In the case studies, two more effect types were predicted for mutations: deleterious and structural destabilization. Both of these were specific to coding regions. Deleterious effects were assumed according to significant SIFT scores (SIFT score <0.05).[72] Structural destabilization was assumed according to predicted significant ΔΔG scores (ΔΔG > 2).[73] SIFT and ΔΔG scores were acquired from Mutfunc.[66]

Gene Product Feature Annotations

GlpK features were acquired from Uniprot,[63] EcoCyc,[64] Pfam,[65] Mutfunc,[66] and individual publications.[74]

Gene Product Structures and Distances between Mutated Residues and Features

Distances between mutated residues and the residues of functional features were calculated using gene product 3D structures and the Cartesian distance formula. GlpK was represented by the 3EZW PDB model. Structures for Crr, CyaA, and PykF were obtained from those provided with the iML1515 model of E. coli K-12 MG1655.[51]

Software Scripts

The software scripts and data supporting the conclusions of this article are archived in the following open-access archive repository: 10.5281/zenodo.5108958.

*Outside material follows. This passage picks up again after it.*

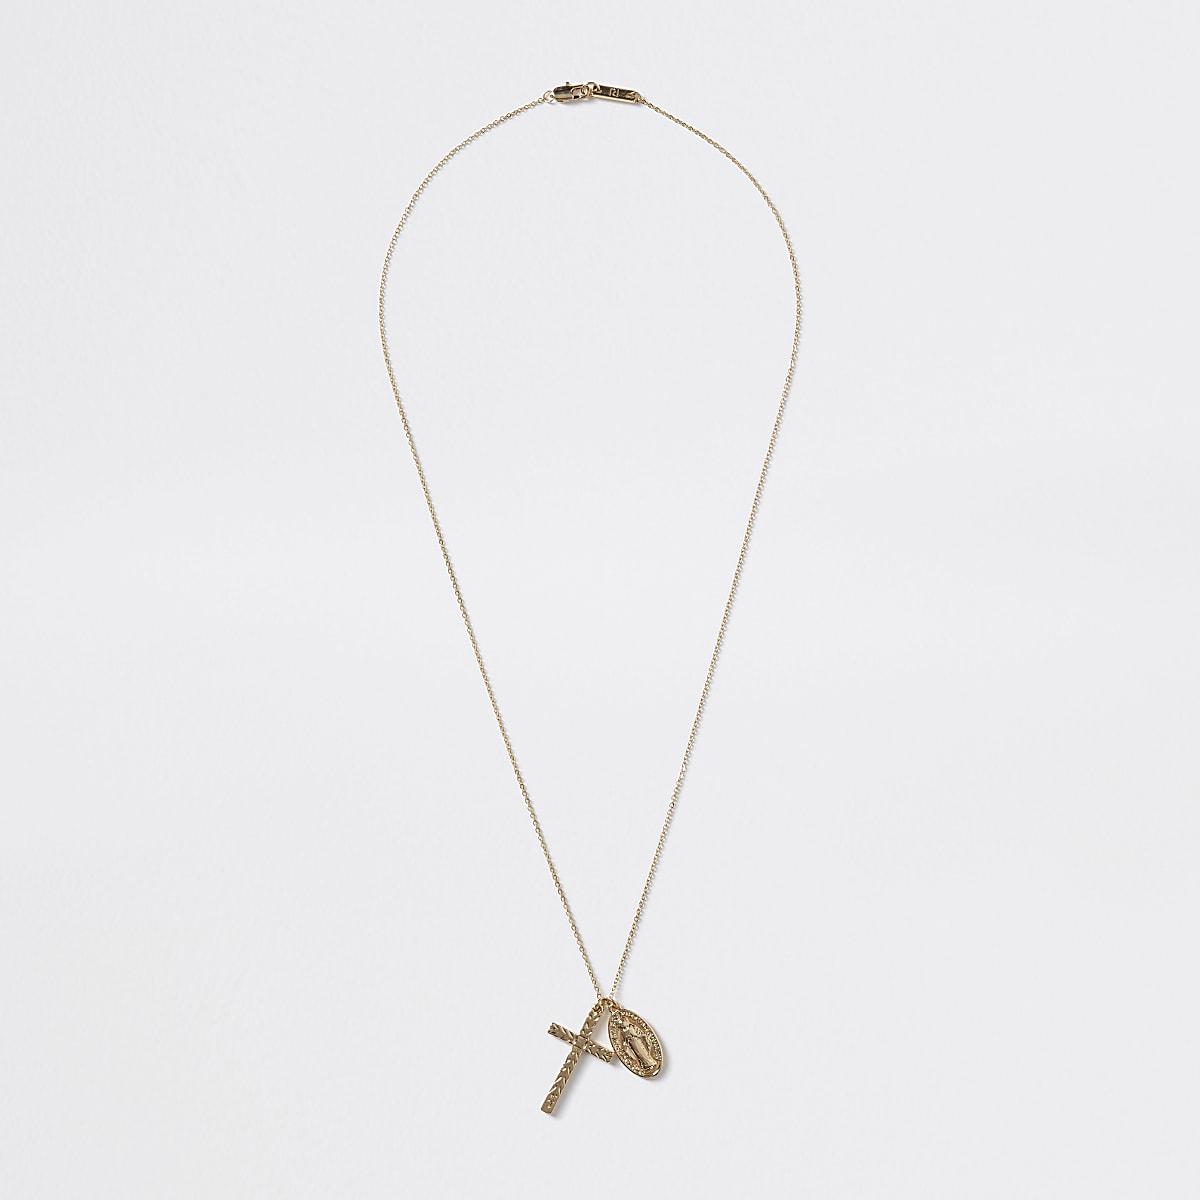 Gold colour cross pendant necklace
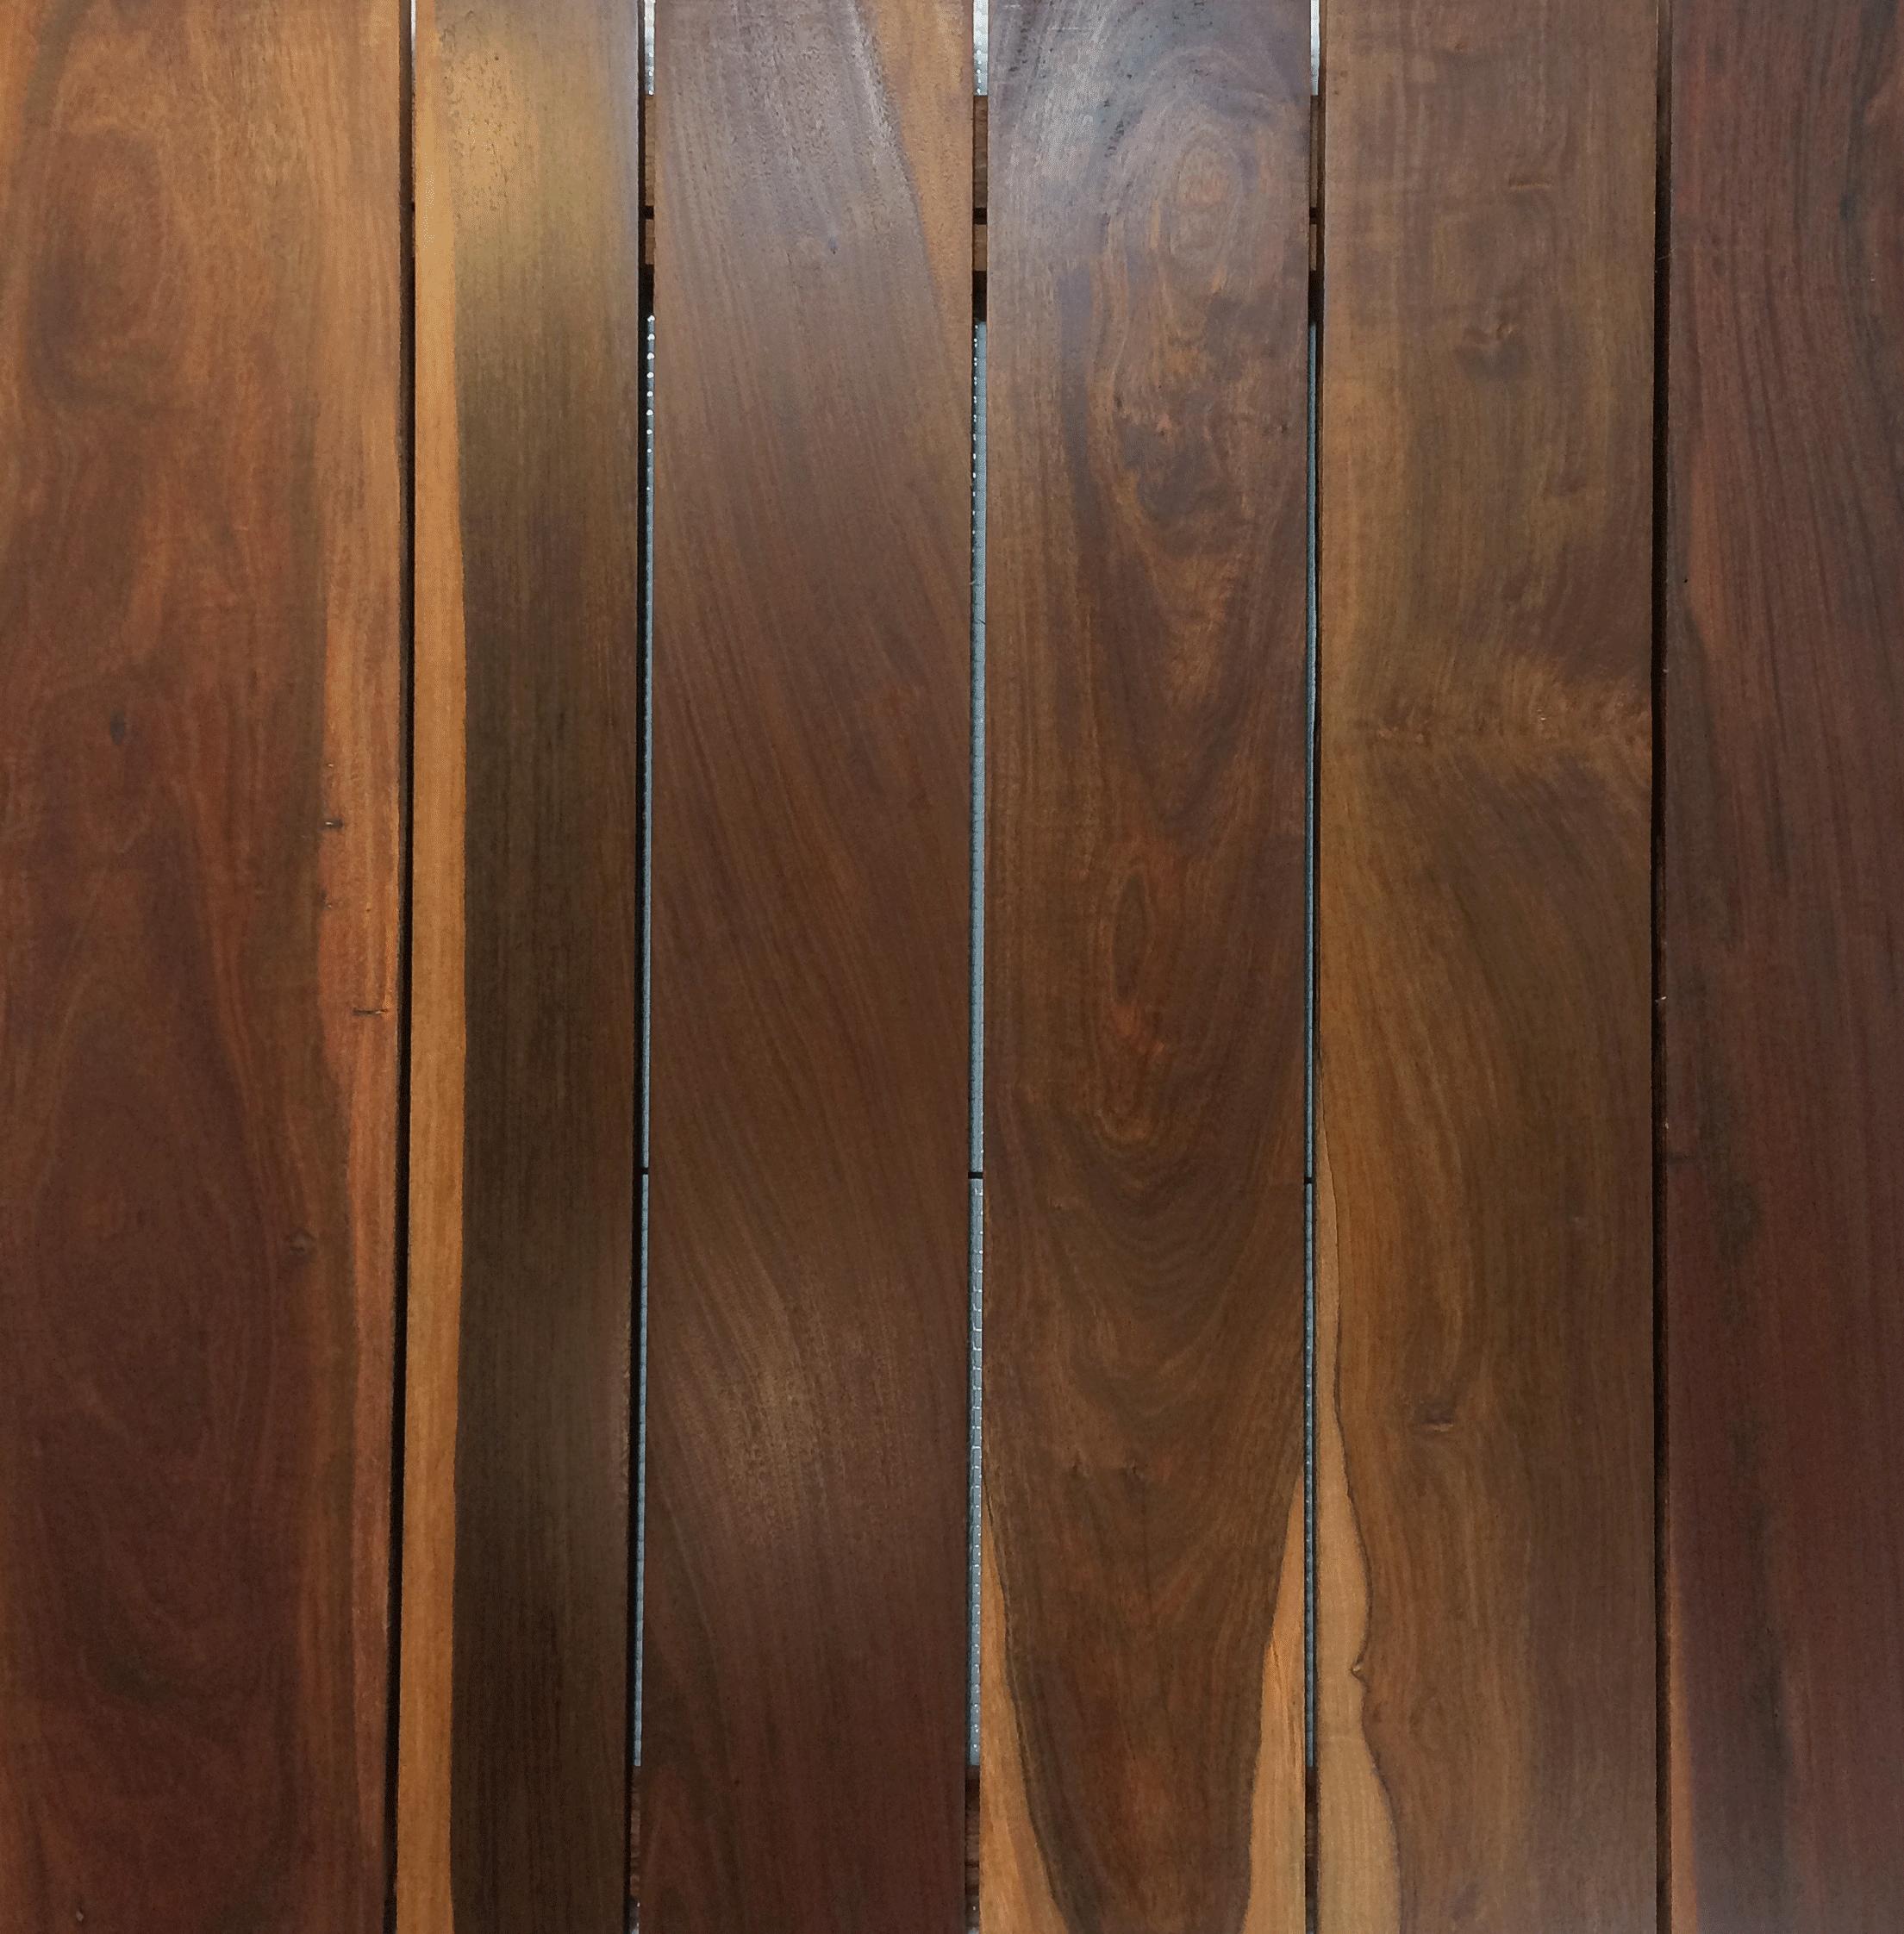 Lumber Bundles

Availability of Data and Materials

The data sets supporting the conclusions of this article are available in the following open-access archive repository: 10.5281/zenodo.5108958. These data sets are also available in the ALEdb database.[22]

Mutation Data Cleaning

The mutations from ALEdb are initially described relative to the sample and the genome reference. Since some of these experiments include midpoint samples, mutations that emerge within a midpoint sample and carried through to an end point sample can get counted more than once per ALE, which would result in an inappropriately inflated mutation count. Unique ALE mutations were therefore only considered once per ALE. Starting strain mutations were filtered out of the ALE experiment mutation data sets according to their publications after being exported from ALEdb. ALE replicates containing hypermutators were also removed from the data set. An ALE replicate was predicted to host a hypermutator strain if two conditions were met: (1) a hypermutator gene[75] was mutated within the ALE replicate, and (2) the number of mutations found within the ALE replicate was labeled as an outlier relative to boxplot quartiles when considering the distribution of mutation counts for all ALE replicates used in this study. Mutations in population samples with a frequency below 50% were filtered out to instead focus on mutations that demonstrate dominant selection within a sample. In calculating correlations between mutated genomic features and generating the network diagrams of multiscaled mutated features, large deletions were removed to filter out large sets of mutated features that were only mutated once.

Quantitative Plots

Unless otherwise stated, figure plots were generated using Matplotlib version 3.0.3[76] and Seaborn version 0.11[77] or Plotly[78] Python software packages.

Network Diagrams

The network diagrams of multiscale mutated features were generated using Cytoscape.js.[79]

Mutation Needle Plots

The mutation needle plots were generated using the trackViewer R software package.[80]

Oncoplots

The oncoplots were generated using the ComplexHeatmap R software package.[81]

3D Protein Structures

The visualizations for the 3D protein structures were generated using the NGL software package.[82]